Copy the listing that follows exactly. Its pictures do not belong in the copy.

DATA SEGMENT:

————————

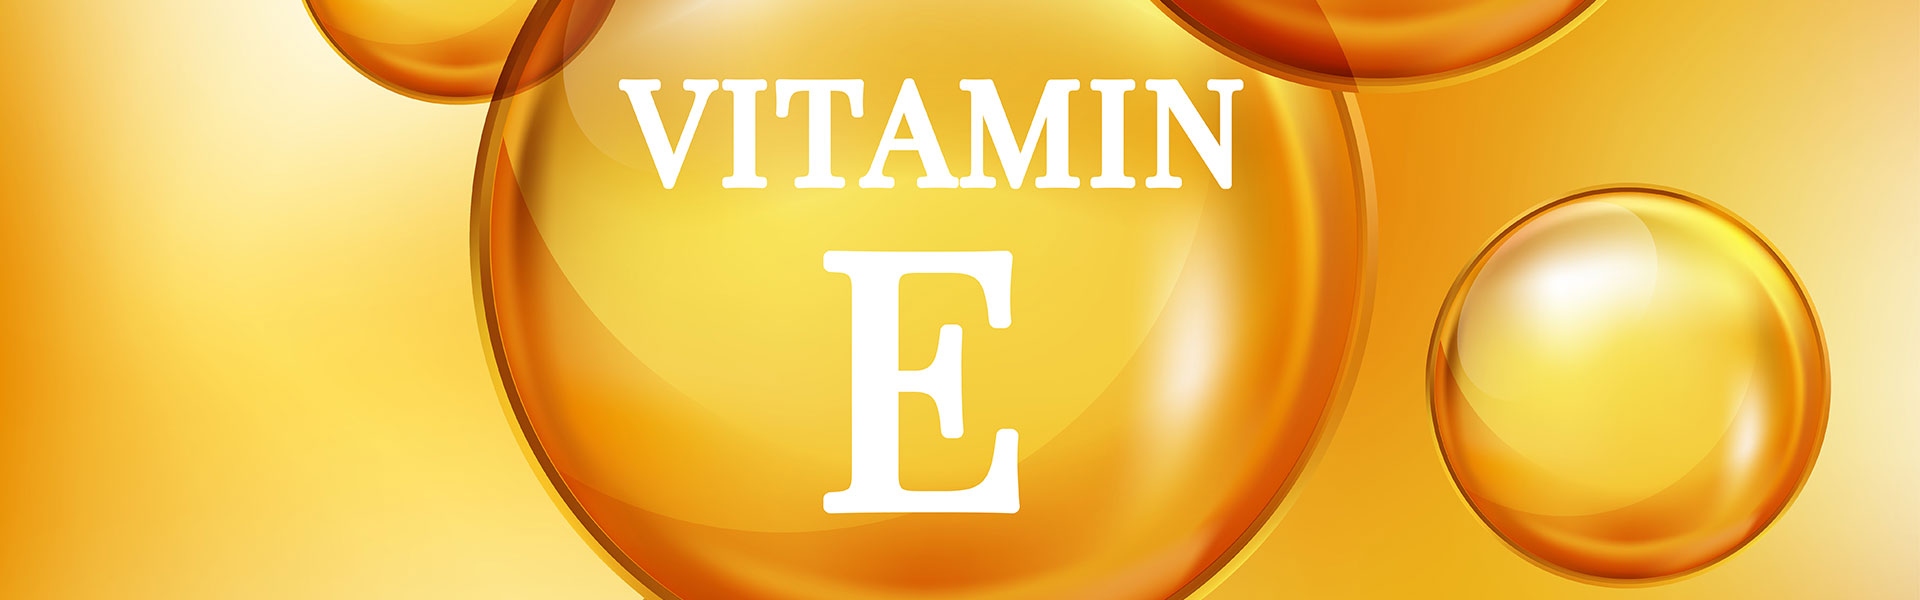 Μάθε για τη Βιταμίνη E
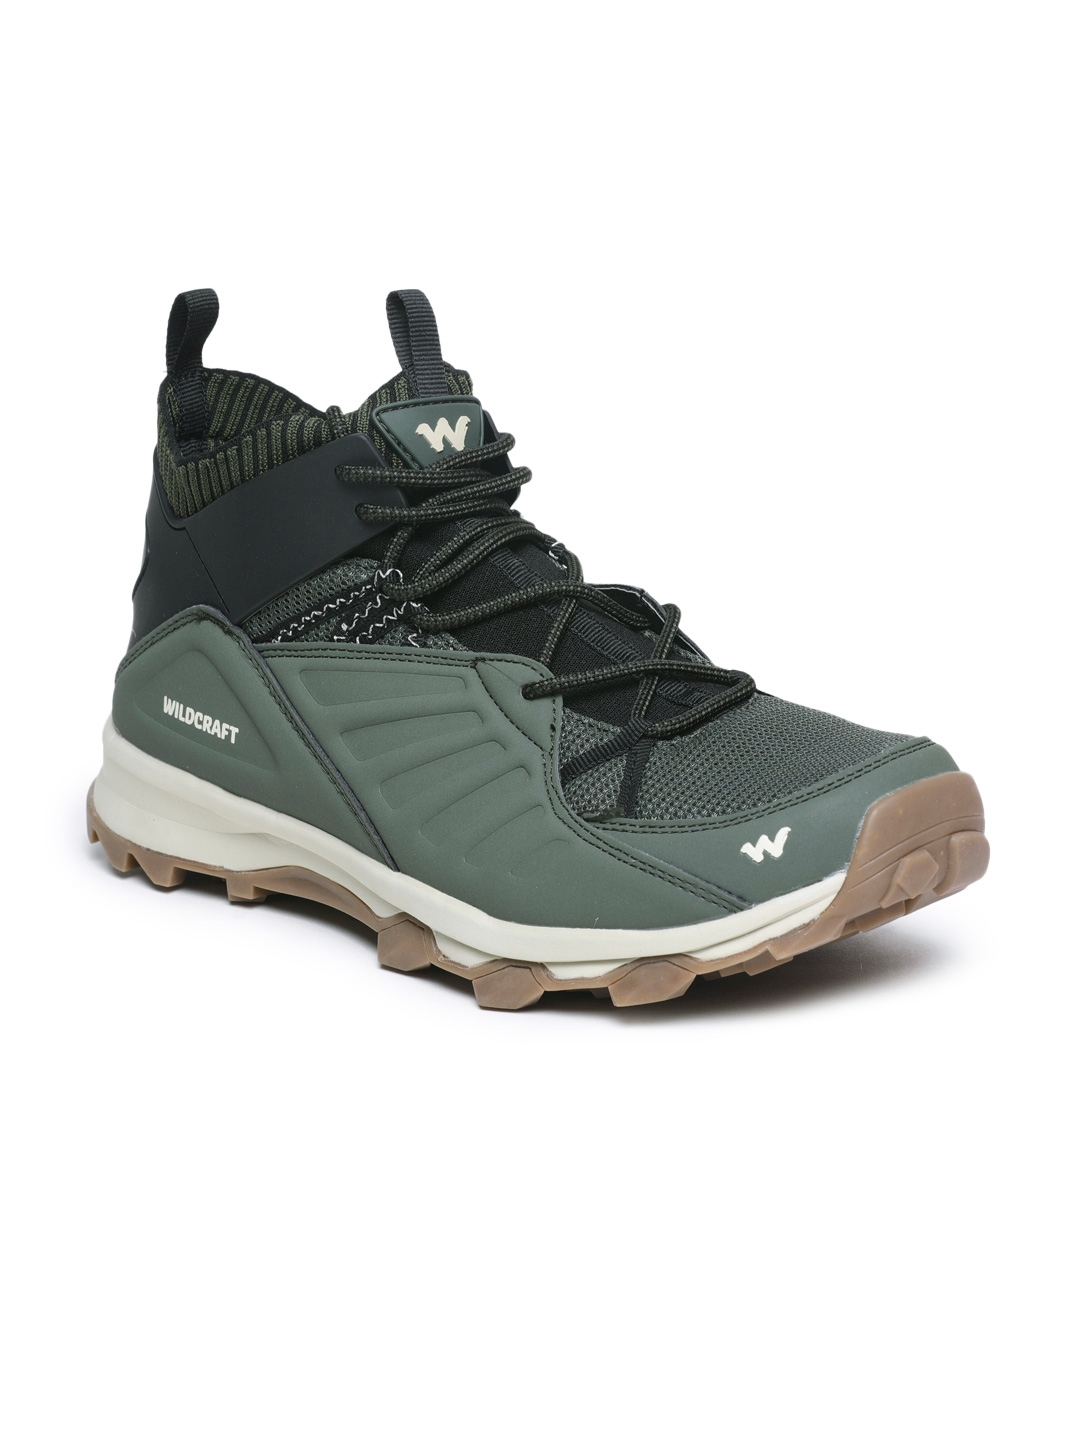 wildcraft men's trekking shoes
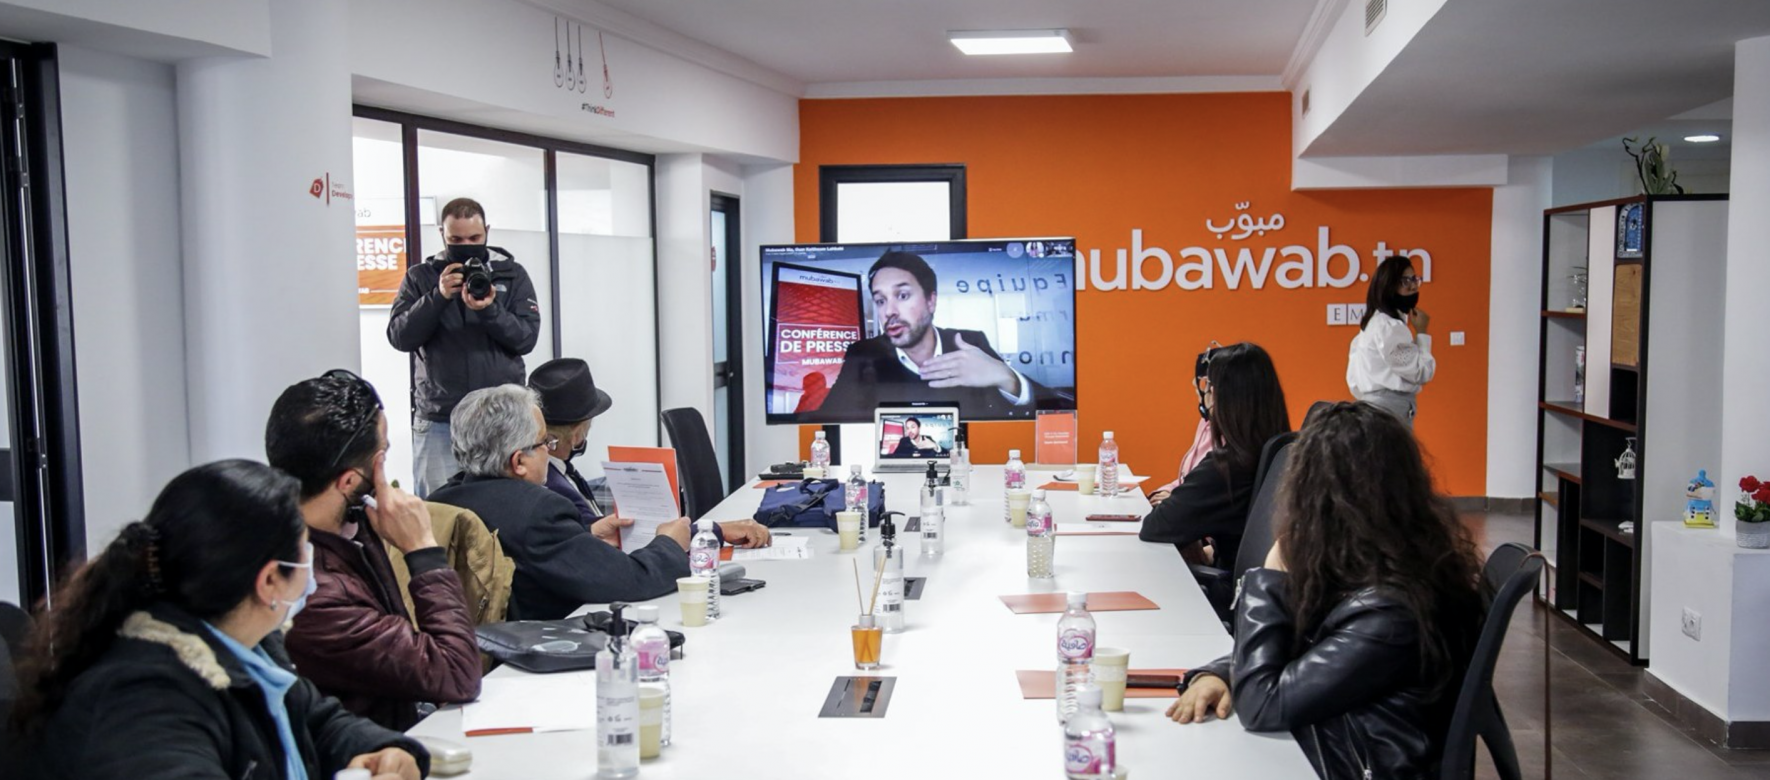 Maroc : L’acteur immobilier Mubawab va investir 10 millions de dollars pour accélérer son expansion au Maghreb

————————

OUTPUT:
 Μάθε για τη Βιταμίνη E
 wildcraft men's trekking shoes
 Maroc : L’acteur immobilier Mubawab va investir 10 millions de dollars pour accélérer son expansion au Maghreb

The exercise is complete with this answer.